Data records –

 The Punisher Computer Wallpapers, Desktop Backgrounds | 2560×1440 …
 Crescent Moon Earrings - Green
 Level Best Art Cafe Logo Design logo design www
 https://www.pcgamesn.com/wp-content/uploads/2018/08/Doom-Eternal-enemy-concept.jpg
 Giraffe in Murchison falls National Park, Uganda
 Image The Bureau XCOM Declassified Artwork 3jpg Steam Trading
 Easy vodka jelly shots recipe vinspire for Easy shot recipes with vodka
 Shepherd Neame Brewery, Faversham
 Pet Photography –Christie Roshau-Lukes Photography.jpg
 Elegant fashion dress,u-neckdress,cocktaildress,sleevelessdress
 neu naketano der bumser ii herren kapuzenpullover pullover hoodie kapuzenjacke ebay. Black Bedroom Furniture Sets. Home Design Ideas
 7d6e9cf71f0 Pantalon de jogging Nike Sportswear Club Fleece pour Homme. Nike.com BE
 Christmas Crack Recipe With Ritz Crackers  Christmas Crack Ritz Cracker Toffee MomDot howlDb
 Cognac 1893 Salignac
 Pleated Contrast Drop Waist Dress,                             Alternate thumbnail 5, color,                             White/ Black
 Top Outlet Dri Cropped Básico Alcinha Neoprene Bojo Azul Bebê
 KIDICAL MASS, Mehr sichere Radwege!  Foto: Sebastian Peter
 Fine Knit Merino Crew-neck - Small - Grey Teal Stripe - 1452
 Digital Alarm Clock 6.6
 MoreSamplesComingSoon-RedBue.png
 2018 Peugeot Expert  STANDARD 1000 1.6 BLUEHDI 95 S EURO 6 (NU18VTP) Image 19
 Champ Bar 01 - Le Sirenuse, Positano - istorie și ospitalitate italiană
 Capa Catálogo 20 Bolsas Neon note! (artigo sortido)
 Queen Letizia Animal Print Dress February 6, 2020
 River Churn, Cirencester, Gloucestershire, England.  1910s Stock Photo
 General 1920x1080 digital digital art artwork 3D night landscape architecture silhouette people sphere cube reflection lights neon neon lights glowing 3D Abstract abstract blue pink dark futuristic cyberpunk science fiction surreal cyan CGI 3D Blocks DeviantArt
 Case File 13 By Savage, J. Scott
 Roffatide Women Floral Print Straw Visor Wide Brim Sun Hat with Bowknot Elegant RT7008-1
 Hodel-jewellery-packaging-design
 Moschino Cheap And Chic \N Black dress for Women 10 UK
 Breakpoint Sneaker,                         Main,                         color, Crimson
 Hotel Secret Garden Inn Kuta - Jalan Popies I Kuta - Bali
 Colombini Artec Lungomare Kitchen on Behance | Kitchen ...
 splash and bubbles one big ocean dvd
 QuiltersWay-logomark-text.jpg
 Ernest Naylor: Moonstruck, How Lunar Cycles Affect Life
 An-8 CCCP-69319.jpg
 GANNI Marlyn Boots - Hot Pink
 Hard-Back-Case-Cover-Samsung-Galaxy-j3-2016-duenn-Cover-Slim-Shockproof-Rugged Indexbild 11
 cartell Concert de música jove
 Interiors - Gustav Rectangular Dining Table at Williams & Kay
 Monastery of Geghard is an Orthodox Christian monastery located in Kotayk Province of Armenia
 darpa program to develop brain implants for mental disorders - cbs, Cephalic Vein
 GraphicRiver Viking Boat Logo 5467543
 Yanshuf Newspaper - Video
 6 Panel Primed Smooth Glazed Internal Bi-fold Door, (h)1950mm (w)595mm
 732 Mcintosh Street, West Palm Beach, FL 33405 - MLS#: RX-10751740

Your task – Copy the listing exactly.

Result of this task –
 The Punisher Computer Wallpapers, Desktop Backgrounds | 2560×1440 …
 Crescent Moon Earrings - Green
 Level Best Art Cafe Logo Design logo design www
 https://www.pcgamesn.com/wp-content/uploads/2018/08/Doom-Eternal-enemy-concept.jpg
 Giraffe in Murchison falls National Park, Uganda
 Image The Bureau XCOM Declassified Artwork 3jpg Steam Trading
 Easy vodka jelly shots recipe vinspire for Easy shot recipes with vodka
 Shepherd Neame Brewery, Faversham
 Pet Photography –Christie Roshau-Lukes Photography.jpg
 Elegant fashion dress,u-neckdress,cocktaildress,sleevelessdress
 neu naketano der bumser ii herren kapuzenpullover pullover hoodie kapuzenjacke ebay. Black Bedroom Furniture Sets. Home Design Ideas
 7d6e9cf71f0 Pantalon de jogging Nike Sportswear Club Fleece pour Homme. Nike.com BE
 Christmas Crack Recipe With Ritz Crackers  Christmas Crack Ritz Cracker Toffee MomDot howlDb
 Cognac 1893 Salignac
 Pleated Contrast Drop Waist Dress,                             Alternate thumbnail 5, color,                             White/ Black
 Top Outlet Dri Cropped Básico Alcinha Neoprene Bojo Azul Bebê
 KIDICAL MASS, Mehr sichere Radwege!  Foto: Sebastian Peter
 Fine Knit Merino Crew-neck - Small - Grey Teal Stripe - 1452
 Digital Alarm Clock 6.6
 MoreSamplesComingSoon-RedBue.png
 2018 Peugeot Expert  STANDARD 1000 1.6 BLUEHDI 95 S EURO 6 (NU18VTP) Image 19
 Champ Bar 01 - Le Sirenuse, Positano - istorie și ospitalitate italiană
 Capa Catálogo 20 Bolsas Neon note! (artigo sortido)
 Queen Letizia Animal Print Dress February 6, 2020
 River Churn, Cirencester, Gloucestershire, England.  1910s Stock Photo
 General 1920x1080 digital digital art artwork 3D night landscape architecture silhouette people sphere cube reflection lights neon neon lights glowing 3D Abstract abstract blue pink dark futuristic cyberpunk science fiction surreal cyan CGI 3D Blocks DeviantArt
 Case File 13 By Savage, J. Scott
 Roffatide Women Floral Print Straw Visor Wide Brim Sun Hat with Bowknot Elegant RT7008-1
 Hodel-jewellery-packaging-design
 Moschino Cheap And Chic \N Black dress for Women 10 UK
 Breakpoint Sneaker,                         Main,                         color, Crimson
 Hotel Secret Garden Inn Kuta - Jalan Popies I Kuta - Bali
 Colombini Artec Lungomare Kitchen on Behance | Kitchen ...
 splash and bubbles one big ocean dvd
 QuiltersWay-logomark-text.jpg
 Ernest Naylor: Moonstruck, How Lunar Cycles Affect Life
 An-8 CCCP-69319.jpg
 GANNI Marlyn Boots - Hot Pink
 Hard-Back-Case-Cover-Samsung-Galaxy-j3-2016-duenn-Cover-Slim-Shockproof-Rugged Indexbild 11
 cartell Concert de música jove
 Interiors - Gustav Rectangular Dining Table at Williams & Kay
 Monastery of Geghard is an Orthodox Christian monastery located in Kotayk Province of Armenia
 darpa program to develop brain implants for mental disorders - cbs, Cephalic Vein
 GraphicRiver Viking Boat Logo 5467543
 Yanshuf Newspaper - Video
 6 Panel Primed Smooth Glazed Internal Bi-fold Door, (h)1950mm (w)595mm
 732 Mcintosh Street, West Palm Beach, FL 33405 - MLS#: RX-10751740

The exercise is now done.